▶ [Your instructions] For this exercise, return only the lines in the records below from the one holding "Gross Torque, Vertical" through the one holding "ゆったりとした明るいミュージックの再生済みの波形", including both, exactly as they appear and without pictures.

Start of Source records

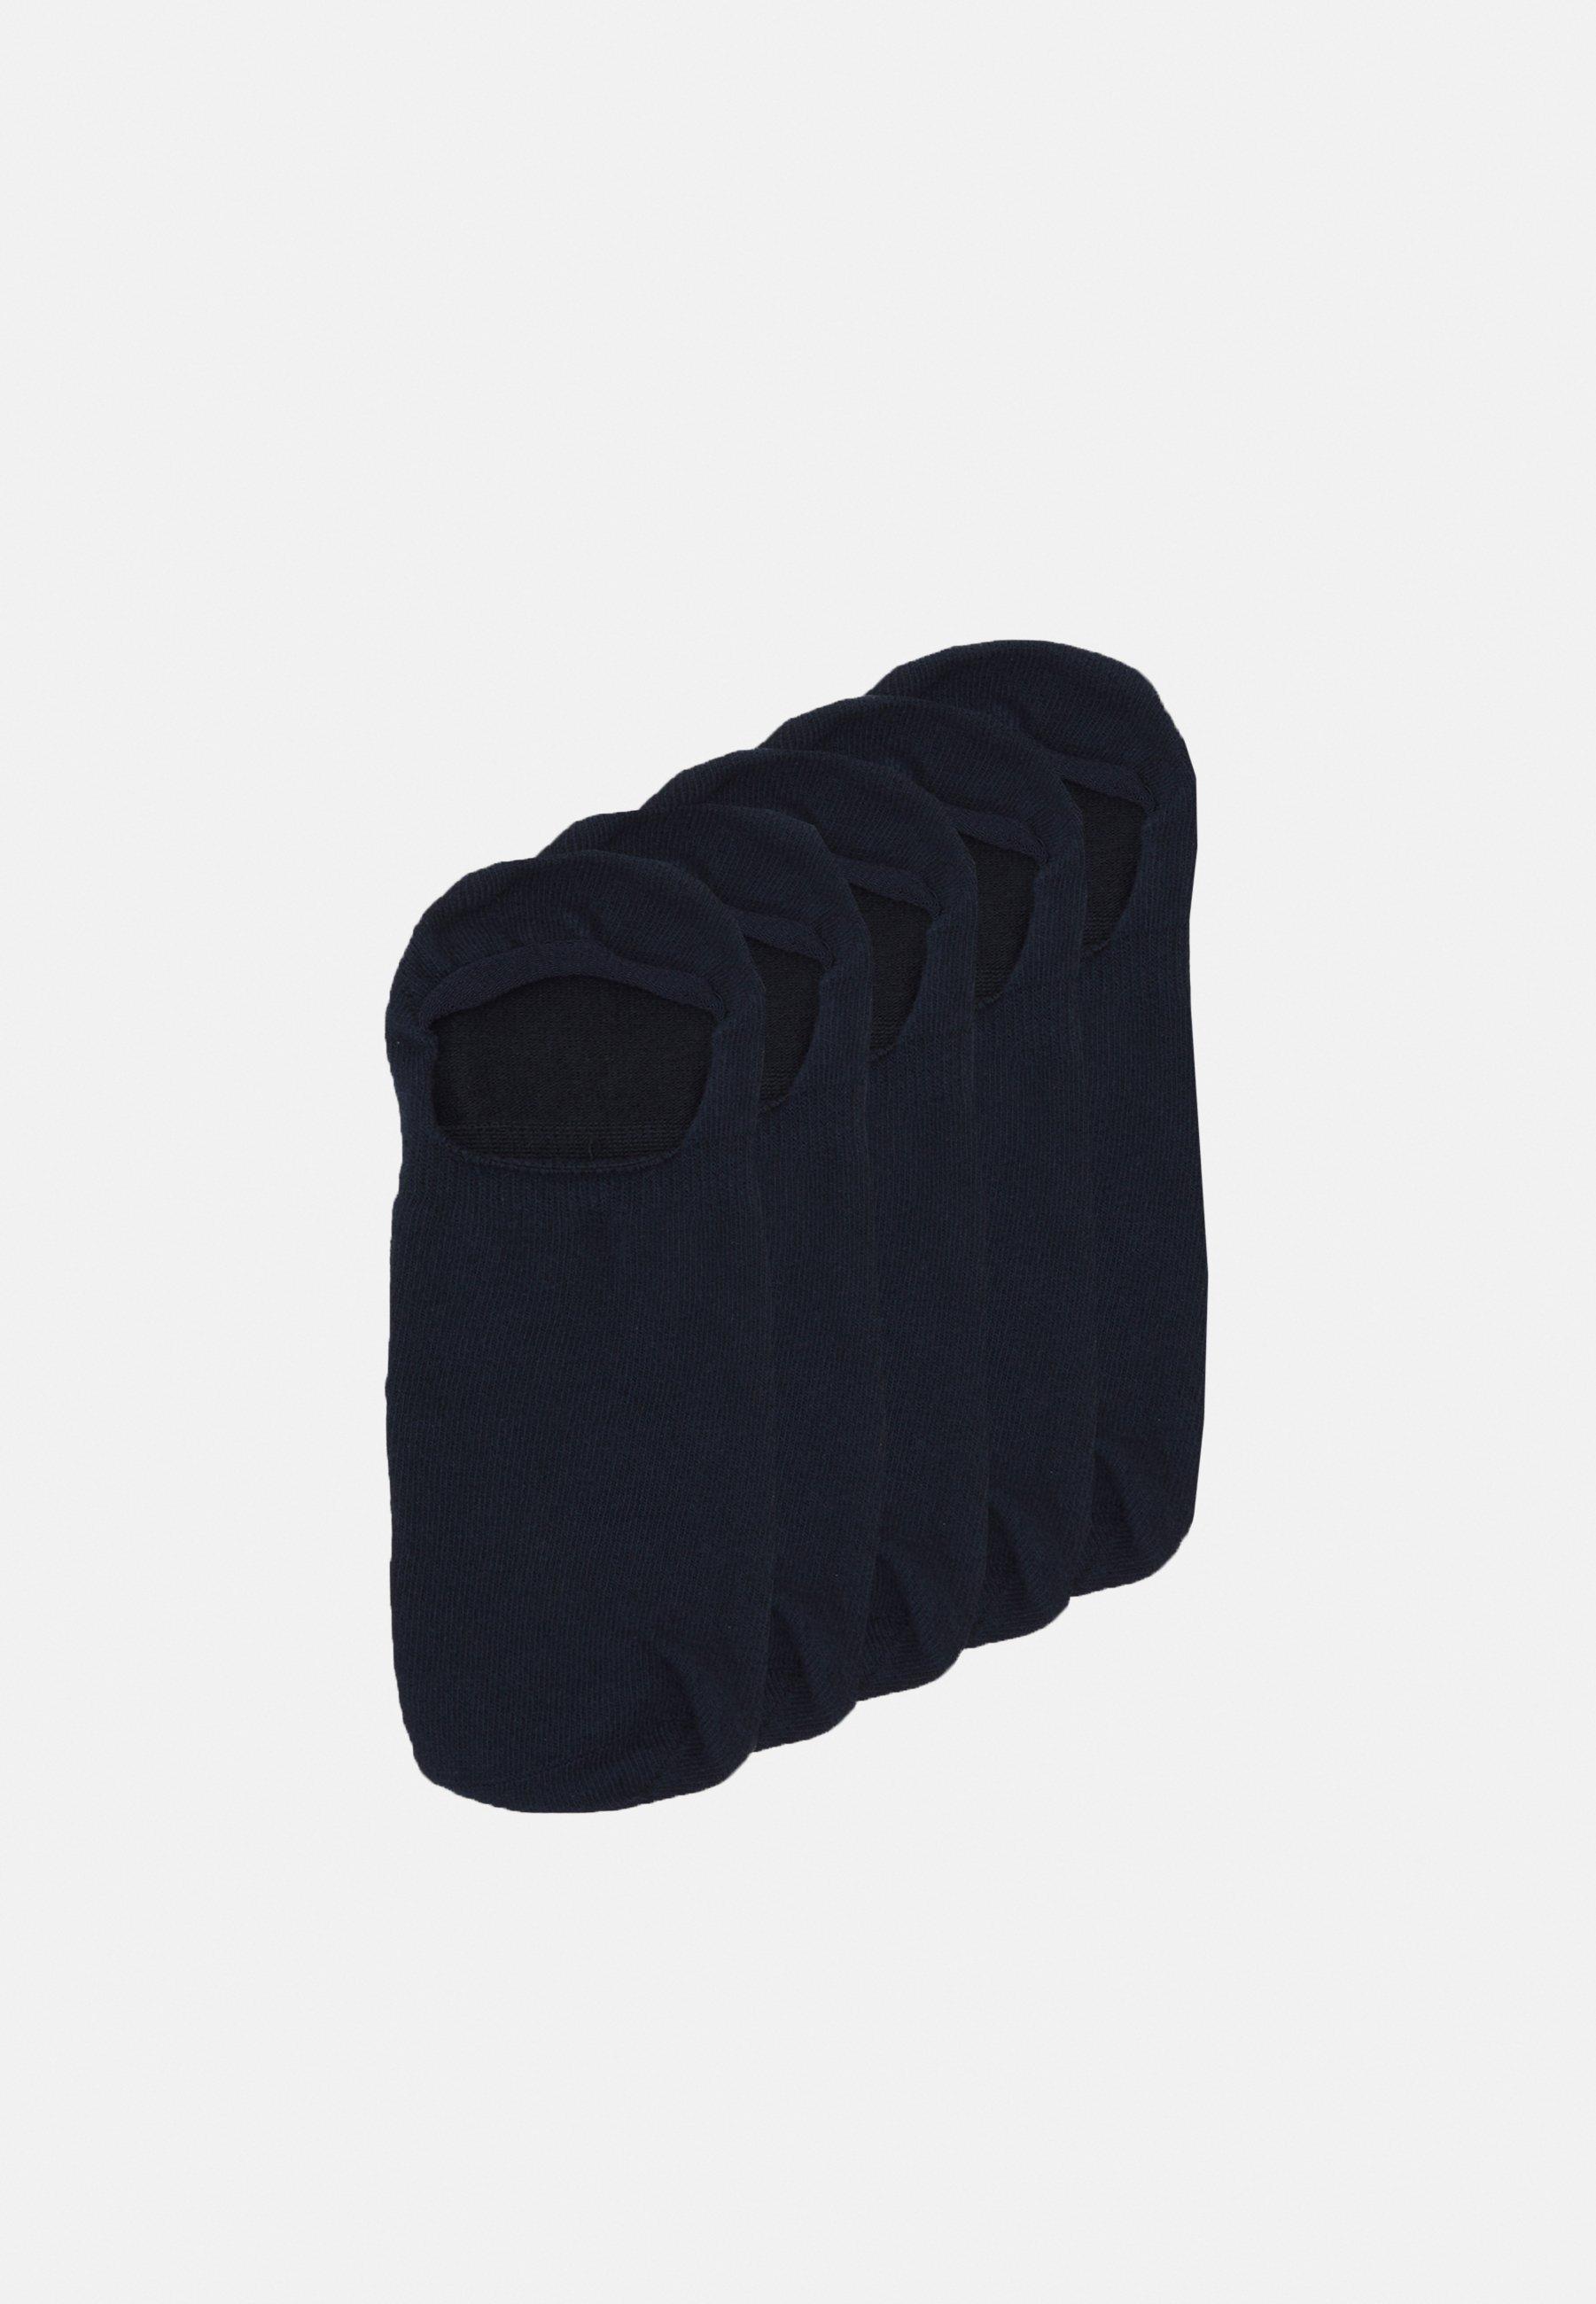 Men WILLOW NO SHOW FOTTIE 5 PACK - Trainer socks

End of Source records
Start of Source records

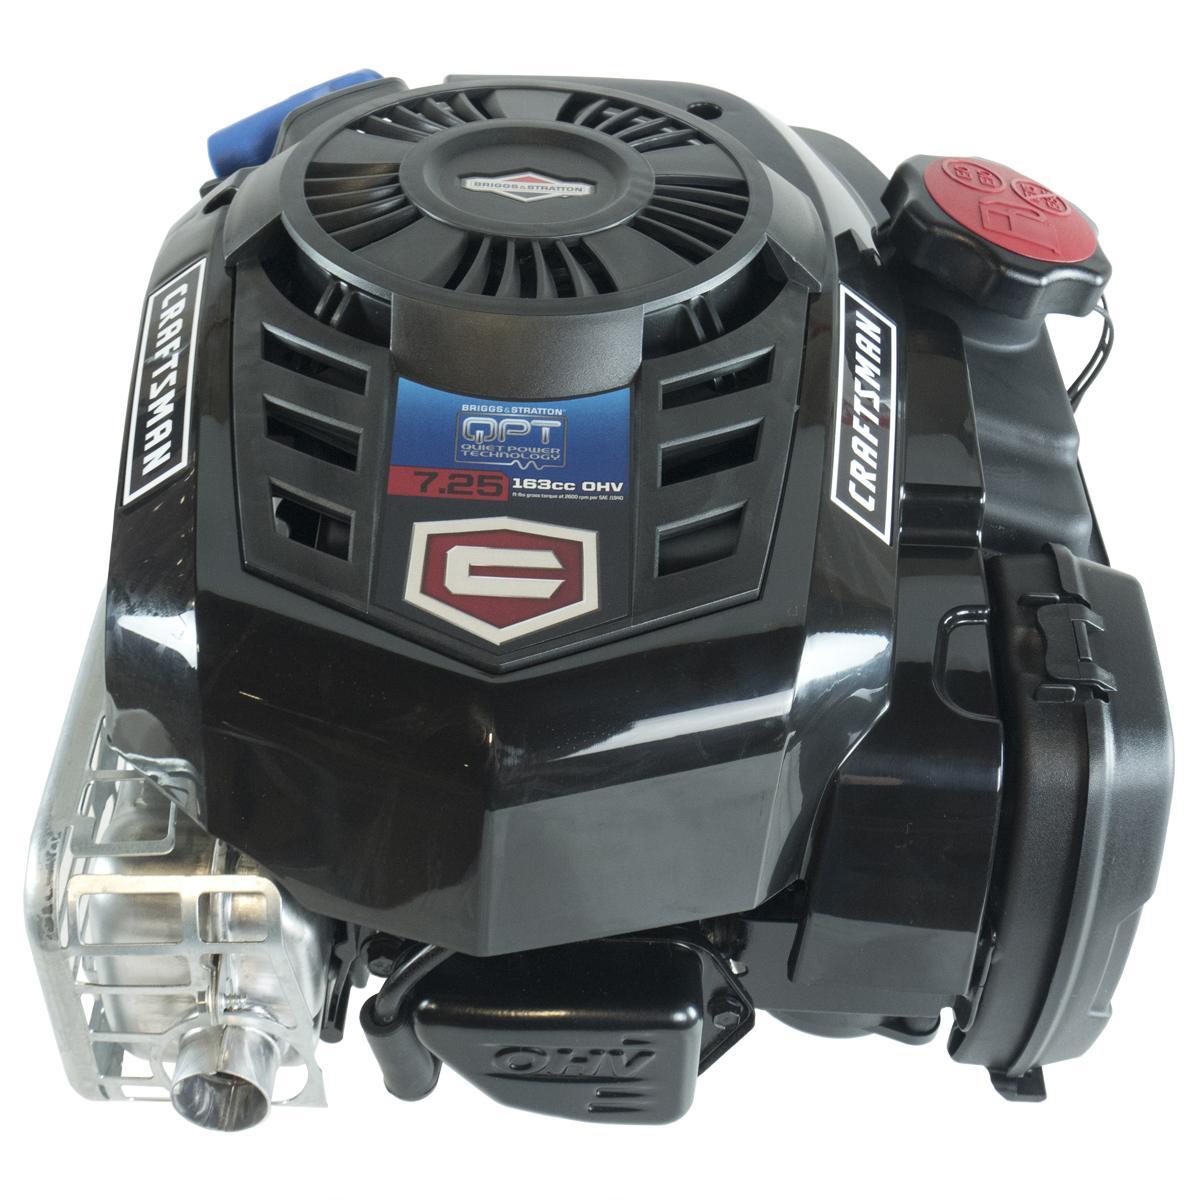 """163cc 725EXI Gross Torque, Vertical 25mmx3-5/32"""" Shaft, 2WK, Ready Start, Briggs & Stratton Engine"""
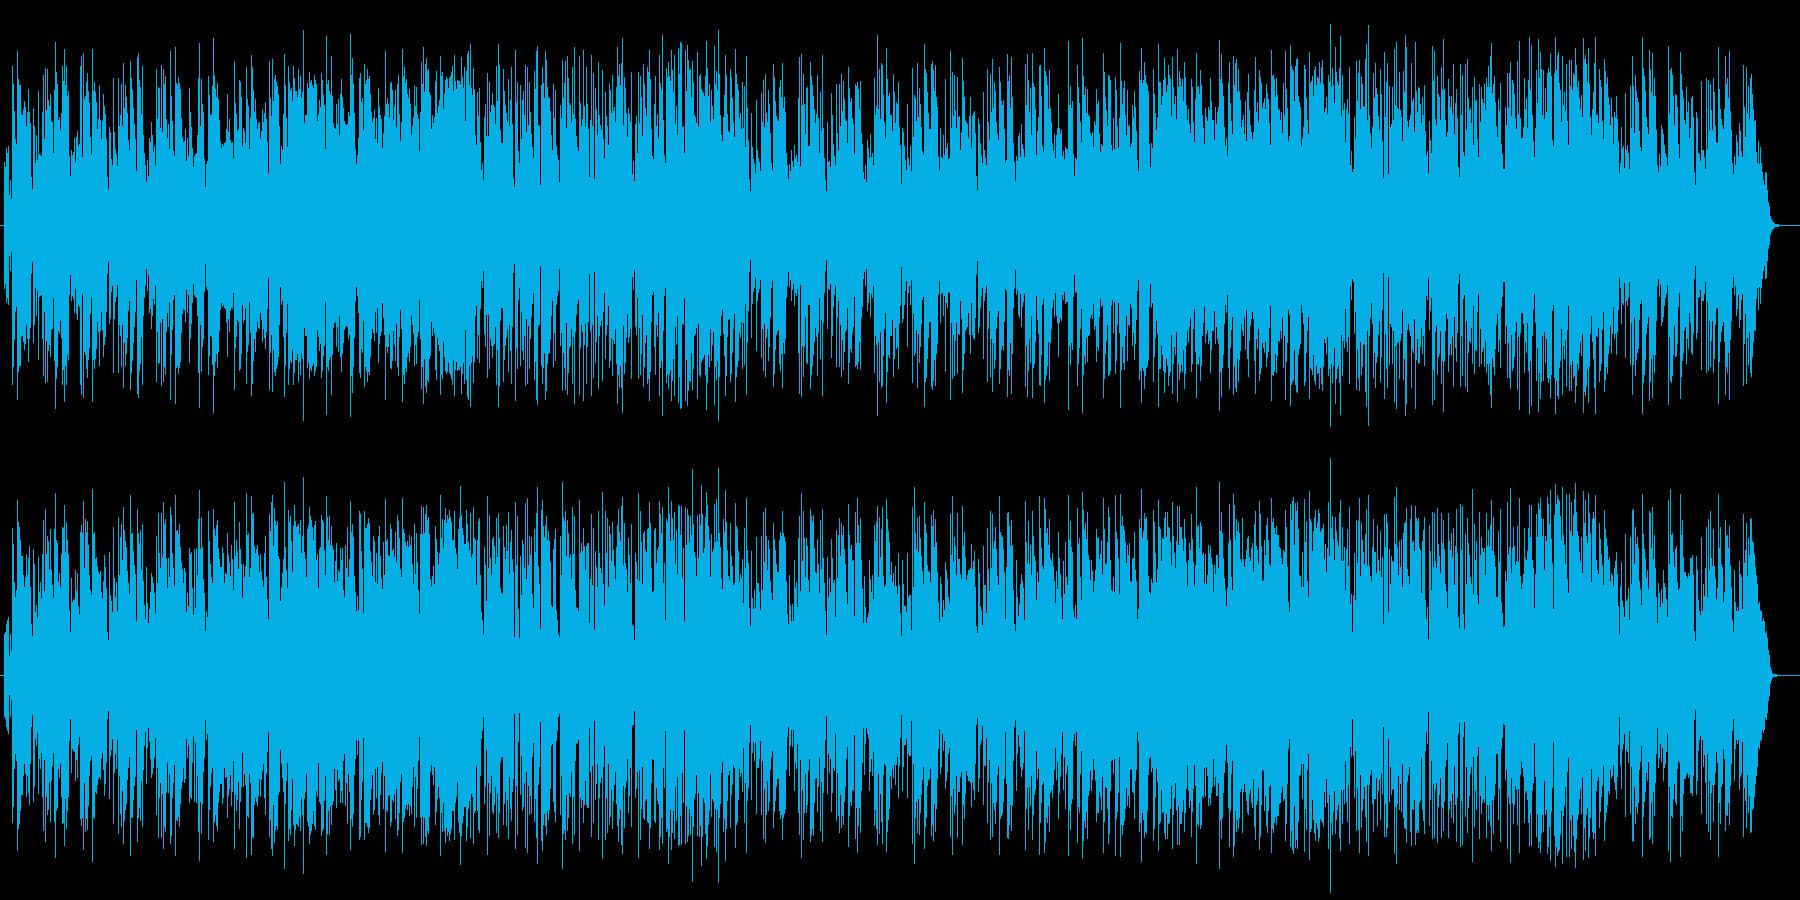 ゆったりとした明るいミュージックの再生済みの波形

End of Source records
Start of Source records

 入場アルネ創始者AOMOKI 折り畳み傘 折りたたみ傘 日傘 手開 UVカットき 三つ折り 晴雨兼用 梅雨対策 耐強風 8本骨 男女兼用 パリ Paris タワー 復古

End of Source records

▶ [Answer below]
 """163cc 725EXI Gross Torque, Vertical 25mmx3-5/32"""" Shaft, 2WK, Ready Start, Briggs & Stratton Engine"""
 ゆったりとした明るいミュージックの再生済みの波形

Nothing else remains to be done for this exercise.